“Toda petição é um poema, todo poema é uma petição”
The Dreamers ou em português “Os Sonhadores” é uma produção cinematográfica ítalo-franco-britânica, dirigida pelo cineasta italiano Bernardo Bertolucci, em 2003, baseado no romance The Holy Innocents do escritor Gilbert Adair, também responsável pelo roteiro do filme. “Os Sonhadores” traz ao cinema mundial a contextualização utópica do “eu”, contrapondo-o ao “outro” e à “nós” em um jogo de espelhos multifocais, reluzindo chamas à década conhecida como o re-surgimento dos sentindos e das ideologias.
A trama começa no momento em que Henri Langlois é demitido da direção da Cinemateca francesa pelo escritor André Malraux, ministro da Cultura do presidente Charles De Gaulle.
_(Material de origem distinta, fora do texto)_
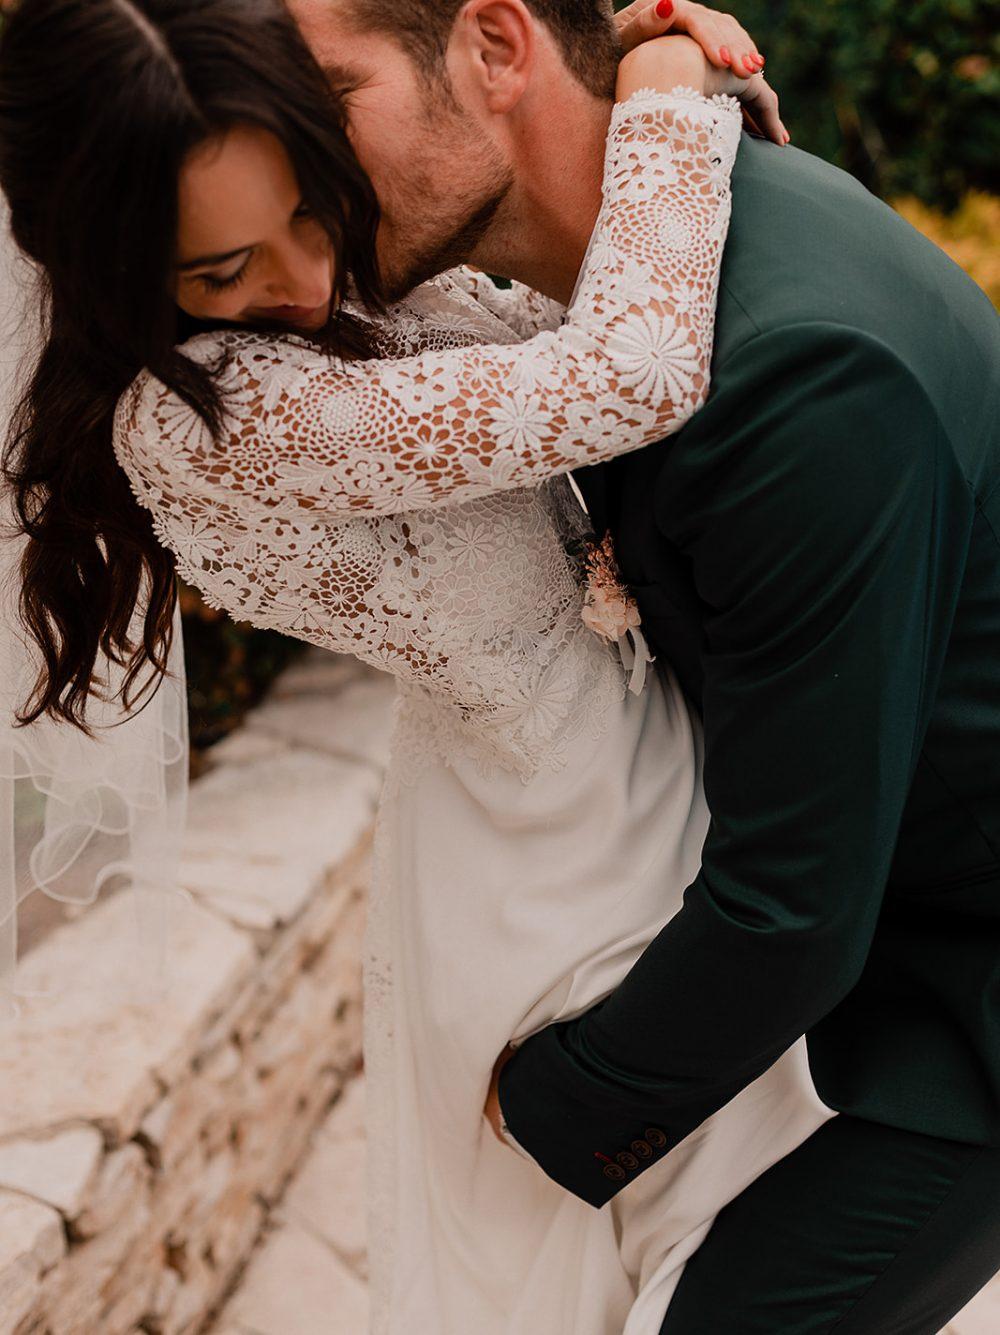 Photo du Mariage de Sylvain & Virginie - Photos de couple

A demissão deixa revoltados estudantes e os maiores cineastas de todo mundo. Gente como Godard, Truffaut, Kurosawa, Fellini e até o brasileiro Glauber Rocha protesta contra a demissão. Uma manifestação em frente à Cinemateca é dispersa com bombas enquanto a polícia tenta conter os estudantes, cineastas e escritores.
O filme parte do amor que o diretor tem pelo grande cinema, transpondo-o para a atmosfera da época, onde são criados três personagens que se conhecem e passam a dividir a mesma paixão. O descarrilar dos fatos são pontuados entre os meses de fevereiro e maio de 1968, em Paris, no cerne da revolução que colocou estudantes frente a frente com a polícia e entrou para a história mundial.
Utilizando este cenário Bertolucci dá vida aos sujeitos “comuns”, pessoas do dia-a-dia, produzindo uma história do cotidiano em detrimento da história monumental, que costuma dar visibilidade somente às celebridades históricas. Bertolucci apresenta, então, Matthew (Michael Pitt), estudante norte-americano em intercâmbio em Paris, que conhece a francesa Isabelle (Eva Green), irmã gêmea de Theo (Louis Garrel). Em pouco tempo de convívio eles se tornam um trio encorajado pela insurreição vinda de seus próprios interiores a serem deglutidos pelo outro, ora norteador e outras vezes hermético.
Excêntrico em sua arte de fazer cinema Bertolucci choca os conservadores europeus e tem sua estréia em solo americano censurada mesmo no século XXI. O ano de 1968 corresponde a vários fenômenos históricos, tais como as invasões estadunidense no Vietnã e da União Soviética na Tchecoslováquia. Mas, quando o diretor tenta representar, sobre sua ótica, os acontecimentos que marcaram o Maio de 1968, ele brinca com o mais precioso bem humano: a hipocrisia, despindo-se dos pudores, indígnos do momento histórico, frente às lentes imberbes da linha de produção cinematográfica contemporânea.
Bertolucci traz à luz no interior de seu filme 15 grandes produções cinematográficas das antigas para clarear as mentes jovens e ao mesmo tempo costurar a sua colcha de retalhos pós-moderna na qual a assepsia confunde-se com a guerra e a moda agride o corpo sem subterfúgios, desencorajamento ou medo. A frase “Toda petição é um poema, todo poema é uma petição” propõe a atmosfera em que jovens, adultos, intelectuais, escritores e cineastas versejavam em busca de uma realidade ideal ao mesmo tempo mista e plural, contrapondo-se a utopia rasa do objetivo de ter dentro daquilo que não é; tornando-se toda petição uma folha de cheque, e toda folha de cheque uma petição.